Nancy Holt, “Holes of Light” (1973) (image courtesy Dia Art Foundation)
An oval spotlight shoots across the gallery’s brick wall from a slanted angle. I register its shape as I see what else stands before me: perpendicular to the floor, a tall, metal rod supports a welded tube that looks like a telescope. Peering through this cylindrical device, the quality of light cast upon the wall changes, intensifying until I can no longer distinguish surface from space. An optical trick. By focusing my eye on the spotlight’s image, artist Nancy Holt has shown me the sun.
Sometimes, the best art requires very little intervention by the artist; rather, she flips a switch in the viewer’s brain to create the world anew. That’s what Holt’s work exemplifies in a tightly curated exhibition honoring her light installations at Dia:Chelsea.

Installation view, as seen through one of Nancy Holt’s locators (photo by the author for Hyperallergic)

The same installation view as above, just seen without use of a locator (photo by the author for Hyperallergic)
Holt’s moment of recognition is long overdue. She is yet another woman artist whose career was overshadowed by a famous husband — Holt helped marshal her late-husband Robert Smithson’s career into the art historical canon after he died in a 1973 plane crash. And while the Dia Art Foundation has held her husband’s work in their collection for decades, Holt has only recently come into the fold. The cultural institution acquired one of her most famous works, “Sun Tunnels” (1973–76), earlier this year, making it the first piece of land art in the collection by a woman.
Before the artist’s first retrospective, organized by Columbia University in 2010, Holt’s presence in the gallery scene was virtually nil for 17 years. (Her previous solo exhibition was in 1993 at the now-shuttered John Weber Gallery, which was later purchased and renamed by James Cohan.) That does not mean that Holt had an inert career. She boasts an almost five-decade-long history of questioning the boundaries of art, architecture, and nature.

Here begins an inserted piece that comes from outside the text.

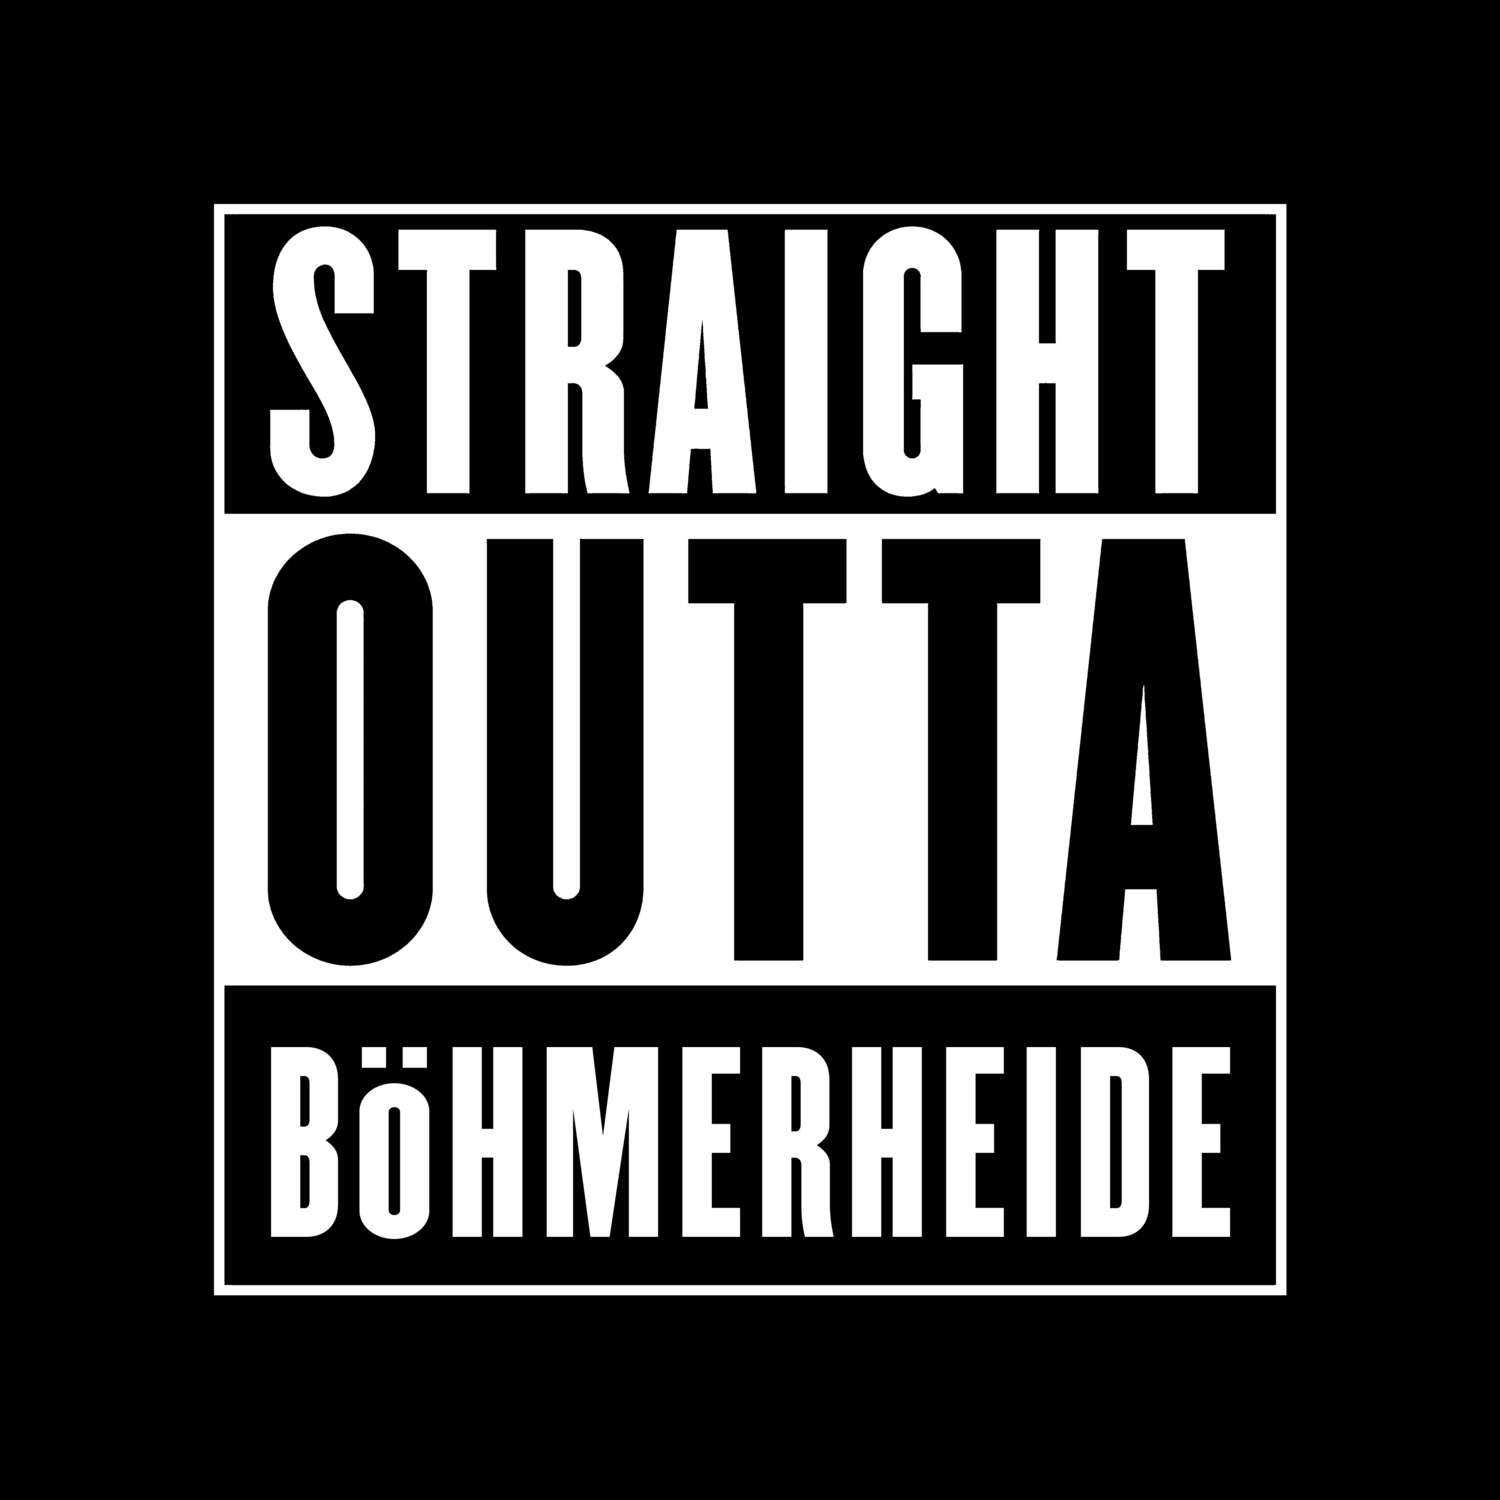 Böhmerheide T-Shirt »Straight Outta«
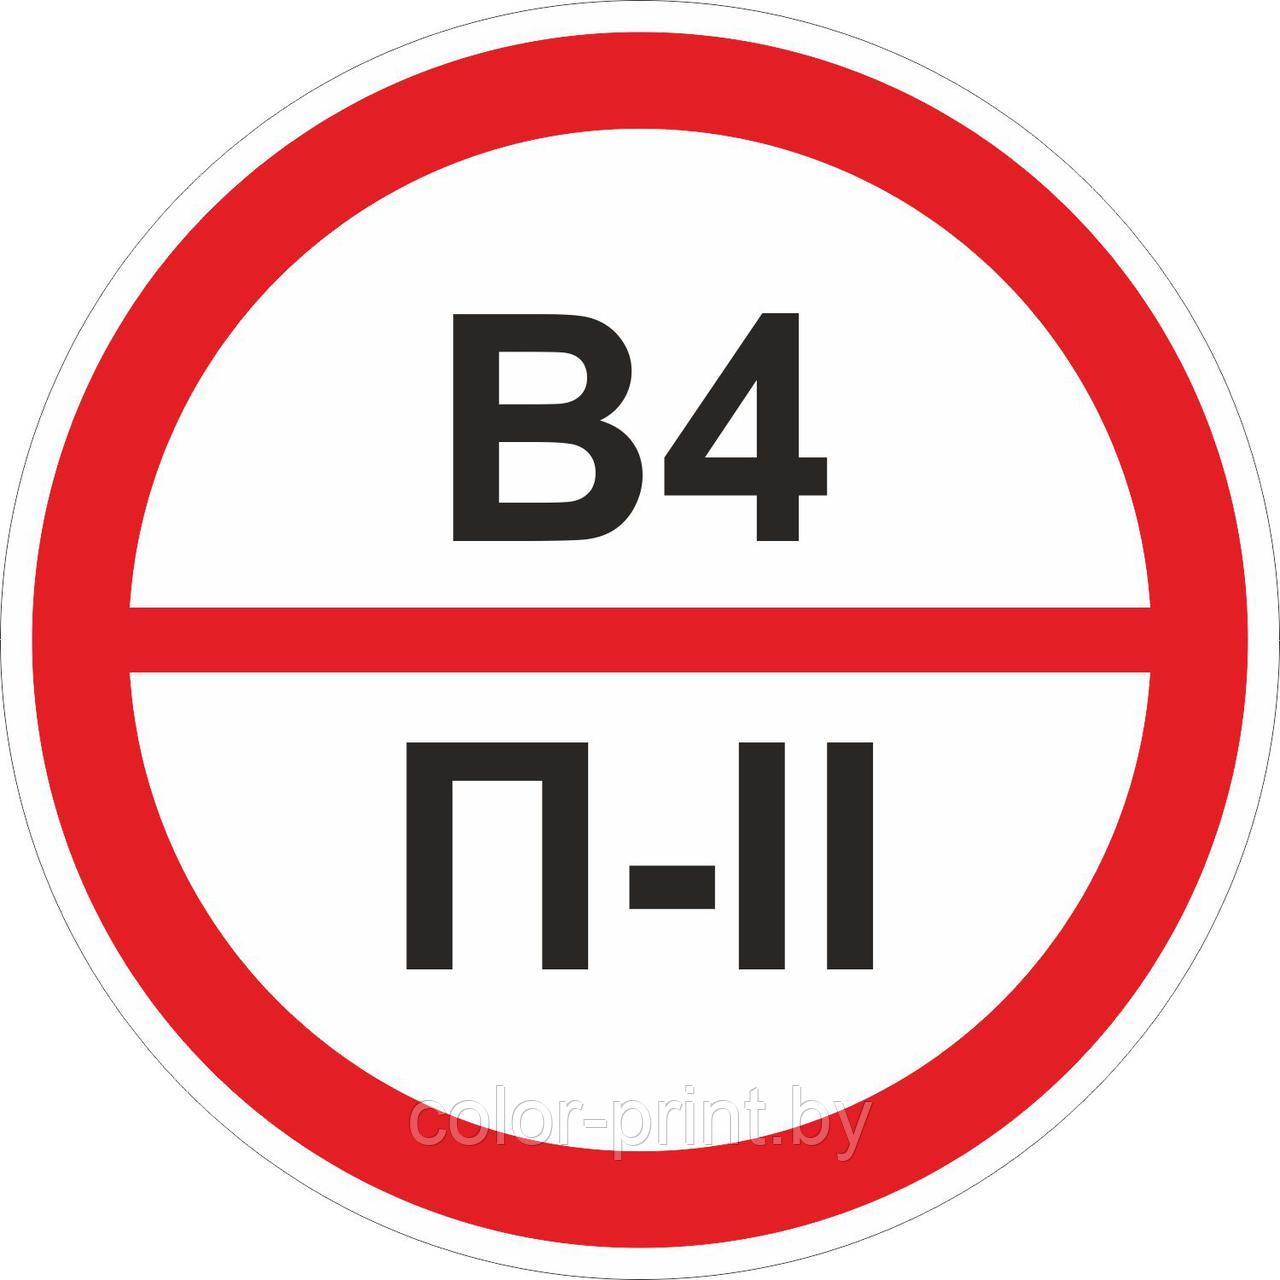 Наклейка ПВХ "Категорийности помещений В4/П-II"

Installation view (photo by the author for Hyperallergic)
Unlike her Land Art peers, Holt did not create megalithic monuments of machismo. She was less concerned with upending Earth’s soil and terraforming the landscape; rather, she wanted to minimize the impact of her art on the environment. Holt therefore renders nature on a human scale. Her work is less interventionist than that of other artists like Smithson or even Andy Goldsworthy, as she prefers to simply frame natural phenomena. Just months before her death in 2014, Holt presented a keynote lecture at the Princeton University Art Museum in which she described her telescope-like works — which she called “locators” — as objects akin to cameras. Guiding the viewer’s eye to key information, these devices became artistically improvised lenses onto the world.
Curator Kelly Kivland has organized the Dia:Chelsea exhibition to consider Holt’s place within the constellation of modernists, minimalists, and conceptualists of her time. Toward the back of the gallery, two locator devices are caught between a small mirror and a large, black circle spray-painted onto a brick wall. This is phenomenology 101: the black circle is a reference to the mirror, but it cannot itself reflect; yet it looks toward the mirror through the intervening locators. The viewer steps into this exchange between mirror and circle, intruding into a philosophical standoff between painting and perspective.

Installation view (photo by the author for Hyperallergic)

Installation view (photo by the author for Hyperallergic)
Holt’s room-sized light installations require significantly less mental stamina to comprehend but are nonetheless fascinating. “Holes of Light” (1973) references the eight different phases of the moon, forming shadow crescents through the strategic alignment of a light source with holes in a wall. The room is split in half with a wall containing a diagonal line of circular cutouts. Alternating the light sources from one side to the other allows the light and shadows cast upon the wall to alternate as well. For Holt, this rapid exchange establishes light as the concretization of sight.
But this is more than an optical illusion. Speaking in a 1983 interview, Holt describes her work as functional: “Art needs to be a more necessary part of the world, of society,” she remarks. Holt’s work is more than a meditation on the fundamental building blocks of sight and space. She wants to create a new system for visualizing the world around us — one that is more holistic, a totality.
Nancy Holt continues at Dia:Chelsea (541 West 22nd Street, Chelsea, Manhattan) through February 16. The exhibition was curated by Kelly Kivland.
I can only admire Nancy Holt for making art in the way she did. That makes it all the harder for me to understand why at the top of this article there is concern that “it has taken decades for Holt to gain recognition.”
That, from what you have written, does not seem to have been Nancy Holt’s raison d’être. True or not, I don’t believe that recognition ought be the guiding force behind what any artist is doing. It is the ‘thing’ being made that counts. As the poet W.S. Graham said, “Do not expect applause.”